Task directions
From the records below, find each line with the string "stands" and copy it.
============================================================
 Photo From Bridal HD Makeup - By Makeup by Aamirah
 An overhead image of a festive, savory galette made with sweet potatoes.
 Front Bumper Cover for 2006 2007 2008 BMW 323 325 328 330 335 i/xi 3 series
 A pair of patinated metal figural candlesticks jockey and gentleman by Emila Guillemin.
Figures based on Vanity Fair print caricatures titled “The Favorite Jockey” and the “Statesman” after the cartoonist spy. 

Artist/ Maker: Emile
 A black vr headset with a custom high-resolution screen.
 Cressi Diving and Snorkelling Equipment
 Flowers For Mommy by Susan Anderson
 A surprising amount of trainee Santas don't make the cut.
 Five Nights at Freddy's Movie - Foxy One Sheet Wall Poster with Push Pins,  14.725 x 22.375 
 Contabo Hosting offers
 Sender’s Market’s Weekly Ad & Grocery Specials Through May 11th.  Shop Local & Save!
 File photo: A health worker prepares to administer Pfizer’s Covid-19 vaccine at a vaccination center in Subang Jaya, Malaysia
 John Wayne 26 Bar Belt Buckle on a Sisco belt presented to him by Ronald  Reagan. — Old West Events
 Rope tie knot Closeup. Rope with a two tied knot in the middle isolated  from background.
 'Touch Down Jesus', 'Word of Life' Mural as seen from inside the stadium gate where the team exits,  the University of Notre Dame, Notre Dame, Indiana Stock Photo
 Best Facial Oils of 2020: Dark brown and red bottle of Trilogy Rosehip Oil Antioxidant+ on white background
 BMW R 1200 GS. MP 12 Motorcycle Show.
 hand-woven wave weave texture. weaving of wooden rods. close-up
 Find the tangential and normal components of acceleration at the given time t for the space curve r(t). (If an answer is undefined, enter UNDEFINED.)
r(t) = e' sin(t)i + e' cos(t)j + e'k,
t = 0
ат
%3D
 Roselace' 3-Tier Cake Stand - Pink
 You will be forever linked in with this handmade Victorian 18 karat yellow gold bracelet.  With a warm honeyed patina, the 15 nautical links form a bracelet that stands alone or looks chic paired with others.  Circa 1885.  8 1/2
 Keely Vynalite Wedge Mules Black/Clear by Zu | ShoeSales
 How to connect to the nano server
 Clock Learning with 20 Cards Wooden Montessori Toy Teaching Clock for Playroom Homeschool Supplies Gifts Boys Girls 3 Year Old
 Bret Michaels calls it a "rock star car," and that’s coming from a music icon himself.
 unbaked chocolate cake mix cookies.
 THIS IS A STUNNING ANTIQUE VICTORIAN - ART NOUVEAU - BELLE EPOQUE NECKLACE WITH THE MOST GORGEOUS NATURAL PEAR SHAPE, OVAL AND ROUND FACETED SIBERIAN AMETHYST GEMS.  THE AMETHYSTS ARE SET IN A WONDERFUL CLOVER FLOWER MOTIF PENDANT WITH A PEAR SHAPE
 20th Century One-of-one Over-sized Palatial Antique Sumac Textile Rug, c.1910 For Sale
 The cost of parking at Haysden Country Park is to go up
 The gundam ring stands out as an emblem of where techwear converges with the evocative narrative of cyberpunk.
============================================================
Answer to the problem
 You will be forever linked in with this handmade Victorian 18 karat yellow gold bracelet.  With a warm honeyed patina, the 15 nautical links form a bracelet that stands alone or looks chic paired with others.  Circa 1885.  8 1/2
 The gundam ring stands out as an emblem of where techwear converges with the evocative narrative of cyberpunk.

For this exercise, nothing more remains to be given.